Getting Started: Friendship Disability Ministry at Trinity United Methodist Church
In August of 2001, Dan Johnson, Senior Minister of Trinity United Methodist Church in Gainesville, Florida, got a call that would change his life. His 23 year old daughter Shevon was badly injured in a car accident and her future was uncertain. Shevon and her husband Eric were newlyweds, and had only been married for little more than a year. Shevon did survive, but the recovery process was so intense that Shevon remembers telling Eric he could leave the marriage, since their lives would never be the same as before. But Eric stayed, and family and friends rallied around the couple. Together, the family and the Trinity congregation watched God's hand bless their lives in countless ways. An entire community celebrated the birth of the couple's two beautiful children after Shevon's first pregnancy was announced on local television!
Reverend Johnson has always had a heart for people with disabilities. Prior to his daughter's accident, he and a group of Trinity members were meeting regularly to find ways to make the congregation more accessible to everyone. But after the accident, Johnson says he gained a new perspective and his desire to make Trinity a welcoming place for people with disabilities has intensified.
In 2008, Trinity's disability committee added a few more members, began meeting monthly, and launched the "Friendship Disability Ministry." In a short time, the group has done a full assessment on the church's accessibility, added playground equipment for children with special needs, helped finance an accessible bus and hosted an Accessible Sunday Worship service. The group has also hosted several events for children with disabilities, including an Easter Egg Hunt, VBS and a Christmas Hay Ride.
There were many discussions about how to get started and it made sense to simply start working with resources the church already has, such as offering pagers to parents of children with special needs and making youth buddies available to children with special needs during Sunday School. The Friendship Disability Team visited a local school for children with disabilities and came away with lots of ideas to put into practice at the church, including accessible picnic benches. During new construction at the church, the team played a vital role in making sure the new building would be accessible.
The Friendship Disability Ministry team is a diverse group that includes people who work with people with disabilities and people who either have disabilities or who are parents of children with disabilities. They provide valuable, firsthand insight into the world of special needs. There are also many other caring members who participate because they believe church is a place that should be accessible to all.
That personal insight was helpful when member Michelle Belanger organized the Christmas Hay Ride for children with special needs. As the mother of a daughter with special needs, Belanger knew just where to go to put up fliers and invite children in the community. Belanger reached out to many organizations in the community, including therapy offices and local schools. She also invited a local playgroup of children with Down syndrome. In all, about 30 children attended the event and were greeted by Santa in a wheelchair. Belanger believes it's important to have someone at the event ready to answer questions about the church and how it can meet a special needs request. "That way, the person will feel welcome to attend church on Sunday morning," she says.
Trinity has relied on a couple of creative fundraisers to raise money to buy equipment and to raise money for special events. One of the biggest fundraisers is the annual Talent/No Talent show and pie auction. Trinity members are invited to perform in the show. During breaks, homemade pies are auctioned off. One year, a local news anchor donated a pie and it brought in a hundred dollar donation! The event raised enough money to help fund an accessible bus for the church.

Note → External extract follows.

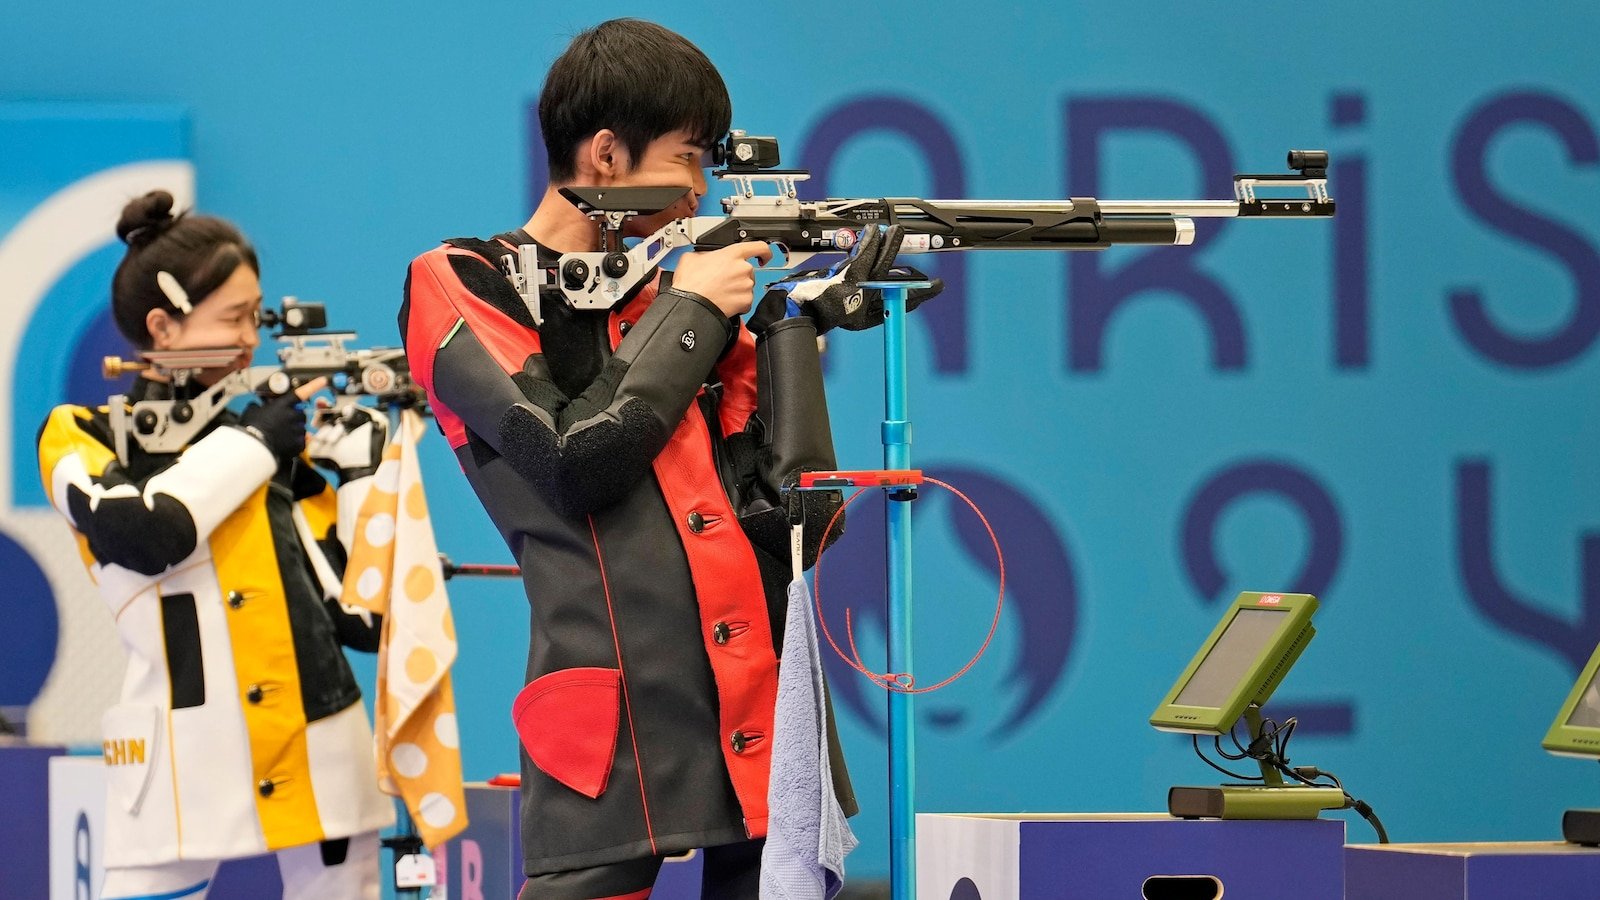 China wins the first gold medal of the 2024 Olympics in mixed team air rifle shooting

Currently, the youth are helping raise even more money by holding a pizza dinner beforehand. The Friendship Disability Ministry team also held a bake sale at the church pumpkin patch to raise several hundred dollars for programs.
Getting started may seem challenging at first, but Belanger says it's really as easy as getting a group together and holding your first event. Belanger also believes support from the top is critical to your ministry. "Pastoral leadership is so important. Dan's (Rev. Johnson) involved in our committee and really believes in what we're doing. That makes such a difference," Belanger said. She also believes it's important to branch out to every aspect of the church. "Another reason we're growing so quickly is because everyone's involved, from children's ministry to youth and adult, this is everyone's ministry at Trinity," Belanger said.
Reverend Johnson remembers the first Sunday he preached after his daughter's accident: it was the Sunday after the 9/11 terrorist attacks. He remembers feeling the need to do for the congregation what the congregation had done for him during his family's ordeal: to "put our arms around them and speak words of hope and love." Looking back on the crash that changed his family forever, Johnson believes those words of hope and love now come from personal experience: "As hard as it has been for all of us, as difficult as it continues to be for Shevon, as 'unfair' and 'not right' as it often feels with such striking force, it has also changed me for the better, to be a pastor, a loving, caring, want-to-be-there-for-you pastor, in ways I had never before imagined."
Each Sunday, Reverend Johnson greets the Trinity congregation with two familiar and loving words: "Welcome Home." Then, the large crowd bellows back its familiar reply: "It's great to be home!" It is great to be home at a church where everyone is welcome!